Selling is a High Stakes Game with No Second Chance

Selling a business is unique. It is a complex mix of critical responsibilities including guarding confidentiality, engaging key employees at critical junctures, precisely timing the release of information, selling strategic value, negotiating to balance the interests of the seller and the success of the deal, among many others. The uniqueness is compounded by the fact that when a company goes on the market and the sale doesn't close, it becomes “damaged goods”. Potential buyers have long memories which means the current market value of the company will remain depressed for many years to come. With no second chance, getting it right the first time is paramount. Choose carefully your M&A team to execute a proven process to successfully sell the most valuable asset you possess.

Every Deal Dies a Thousand Deaths

During the sale (that lasts for many months) facts emerge, situations arise, and positions change; many of which threaten the basis for making the deal. The prospect of the sale collapsing is a burden most sellers cannot withstand on a repeated basis and usually results in capitulation to the buyer’s demands. M&A professionals are trained to be “committed but not attached” to the deal's success, enabling effective out-of-the-box problem solving.

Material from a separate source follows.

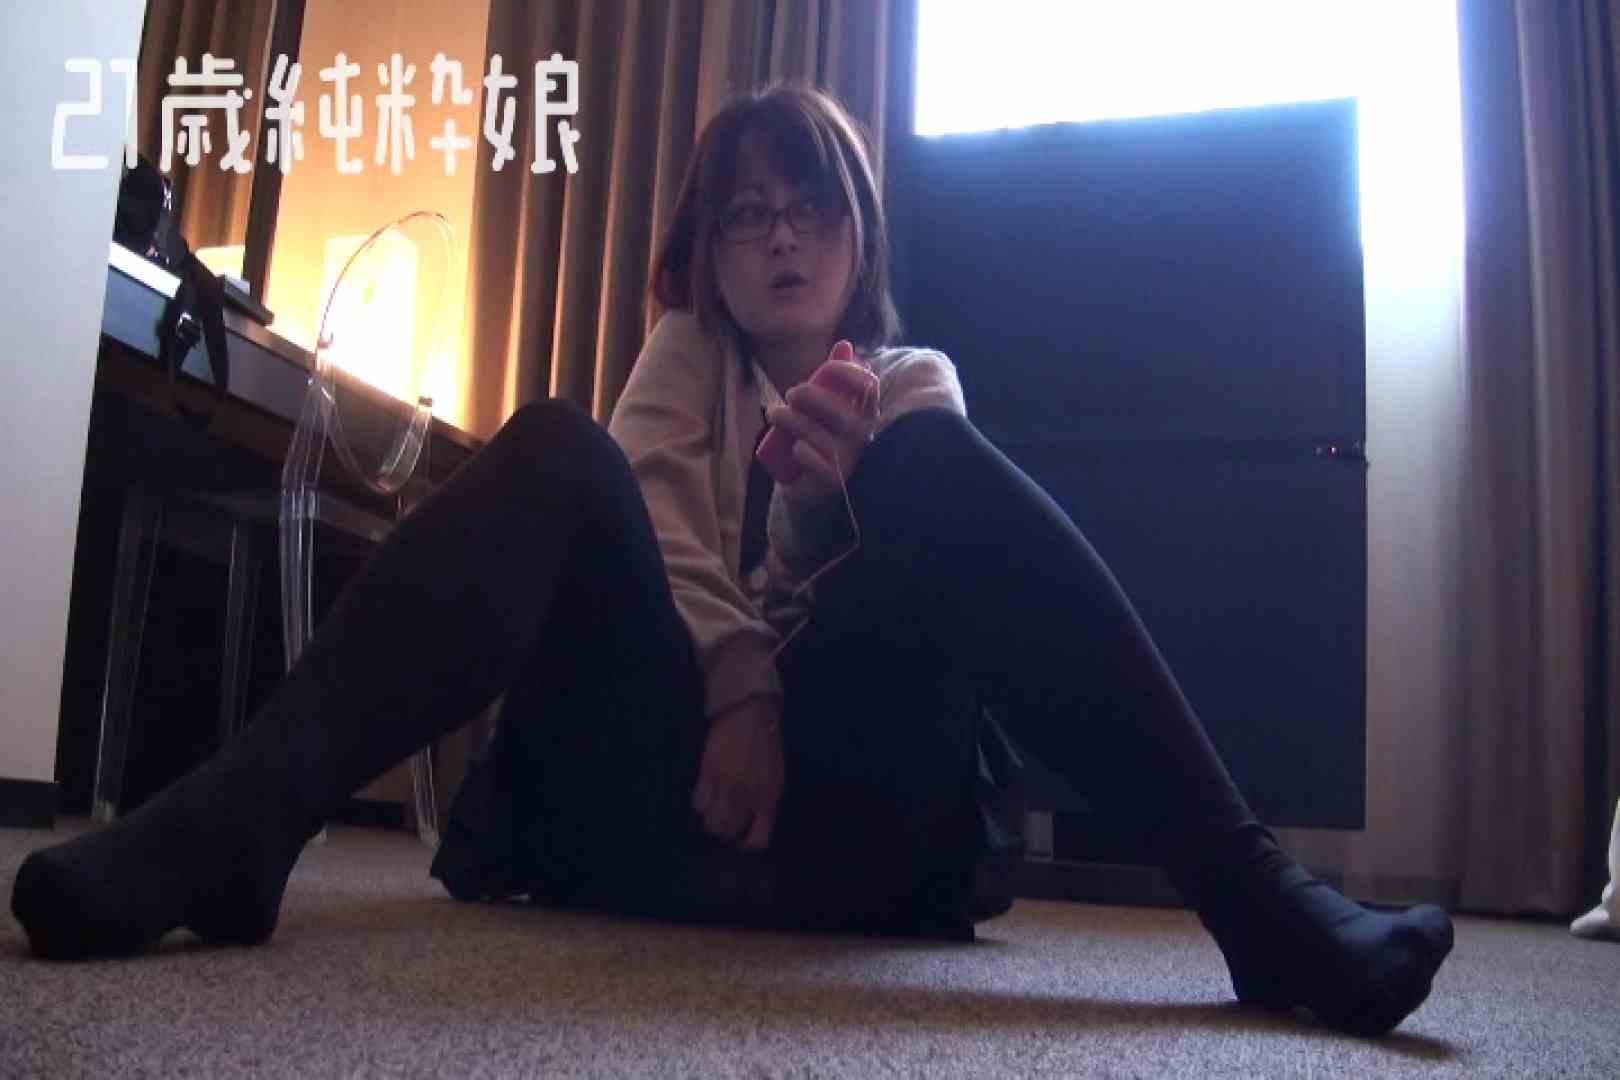 Gカップ21歳純粋嬢第2弾Vol.3 学校潜入  53PIX 6

He Who Represents Himself has a Fool for a Client

Related to the parable of a thousand deaths, this saying borrowed from the legal profession is unequivocally applicable in the sale of a business. Sellers have a huge financial stake in the outcome of the transaction. When acting alone, the seller's emotional attachment to the sale outcome does not afford the space and time during negotiations needed to consider proposals and advance positions.

Speed Kills

Too often the instinct of the seller acting alone succumbs to the pressure of the deal and looks for a quick close...they see a small light at the end of the tunnel, and want to get the transaction over quickly. Invariably, the quick decision surrenders value and many other important terms which could have been preserved through objective negotiations.

Transaction Failure  

When sellers act alone in the sale of their businesses, more than 50 out of every 100 business sales collapse and fail to close. The buyer's intentions were not properly qualified, some key facts about the business were not disclosed early enough in the process, some fundamental business terms were not clearly defined, some key employees thwarted the process, the transition of material relationships were improperly handled...there are a litany of reasons deals go off the rails when the parties entering the transaction do not plan carefully and fail to anticipate roadblocks in advance.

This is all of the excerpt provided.